Apply the clustering method used in Dunham & Beltrao (2020) to a new deep mutational landscape dataset based on a standardised deep_mutational_scan dataset.

recluster(
  x,
  keep_clustering = FALSE,
  deep_split = NULL,
  permissive = 0.4,
  add_combined = TRUE,
  cols = NULL,
  method = "average",
  ...
)

Arguments

x

deep_mutational_scan object to recluster

keep_clustering

logical. Keep the outputs of hclust and cutreeHybrid for downstream analysis

deep_split

Named vector of deepSplit parameters to pass to cutreeHybrid. Must be a numeric vector with a named entry for each amino acid or a single integer to apply to all amino acids

permissive

Absolute value threshold for considering a substitution permissive.
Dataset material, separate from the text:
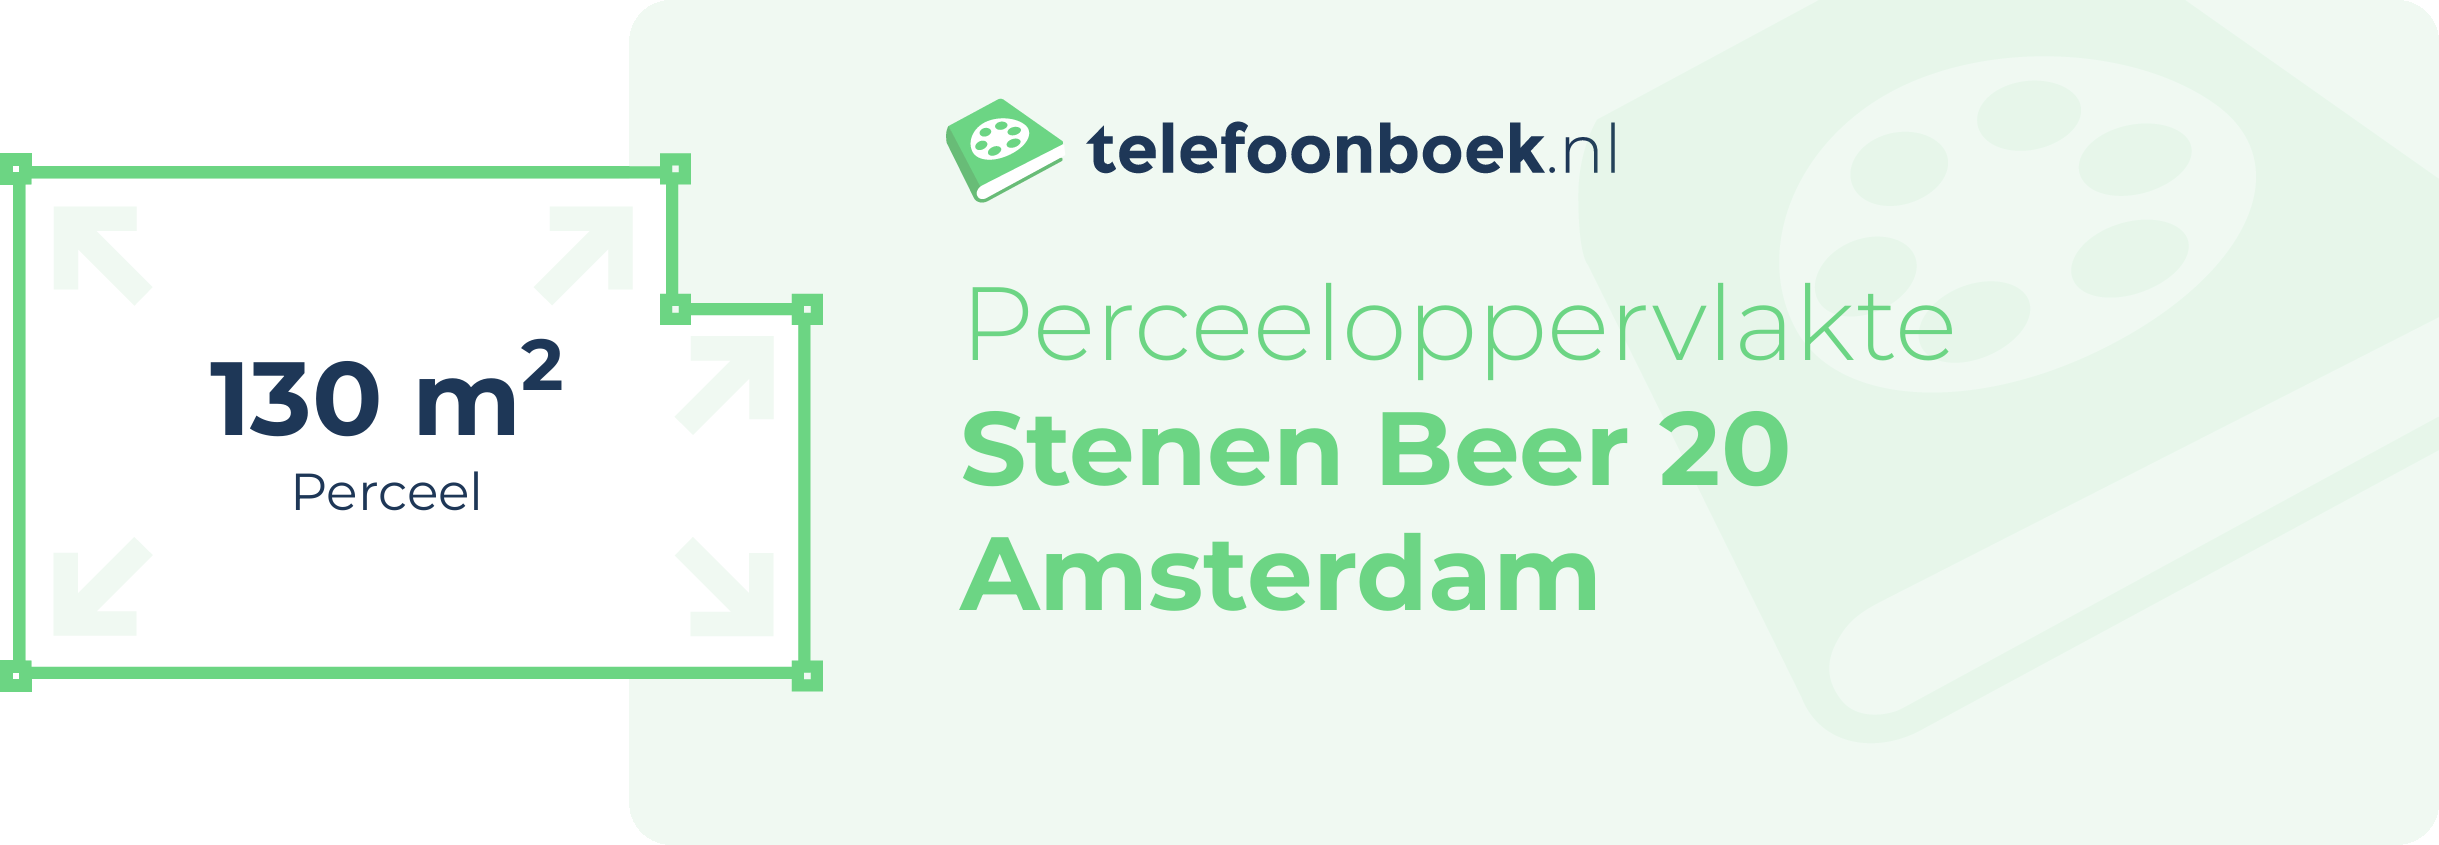 Perceeloppervlakte Stenen Beer 20 Amsterdam
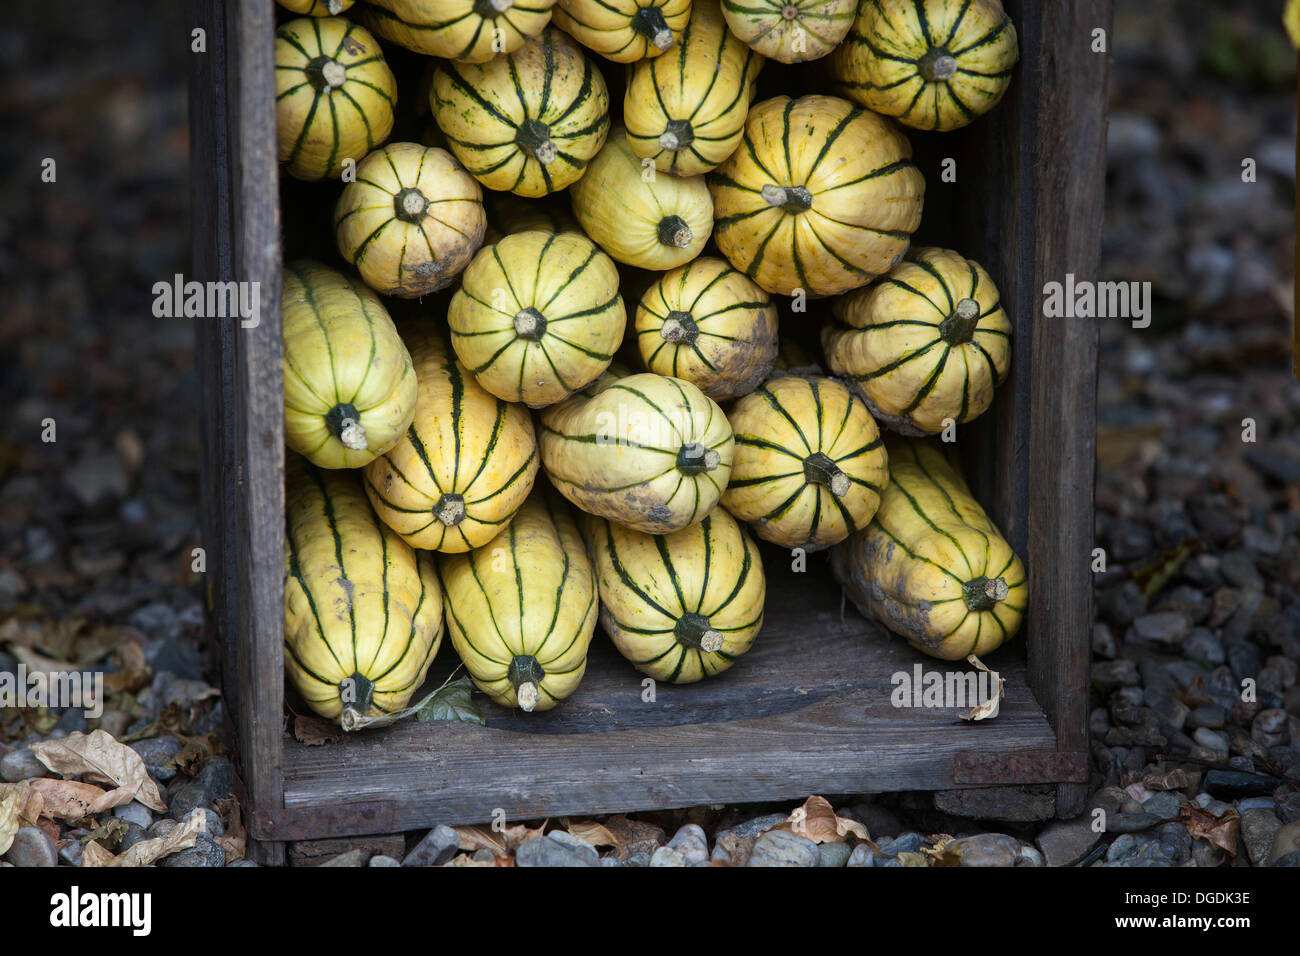 Autumn guards in vegetable garden pumpkins crate, Squash Cucurbita pepo, wooden crate Display Stock Photo

Positions with all substitution scores below this threshold are assigned to the permissive subtype.

add_combined

Combine the supplied data with the deep_landscape dataset.

cols

Columns to cluster on, defaults to PC2:20

method

hclust linkage method.

...

Additional arguments passed on to cutreeHybrid. deepSplit should not be included here as it is specified per AA using deep_split.

Value

A tibble containing the clustered data.

Details

This will be most valuable if x is a large multi_study dataset including quite a few new scans, otherwise results will either be similar to the original dataset if add_combined = TRUE or based on too few positions to be meaningful if not.

The default parameters apply the procedure used in the paper and a few parameters are provided to allow some adjustments or experimentation. Larger more novel changes will likely require adapting the code itself.

Examples

new_studies <- bind_scans(deep_scans) reclust <- recluster(new_studies)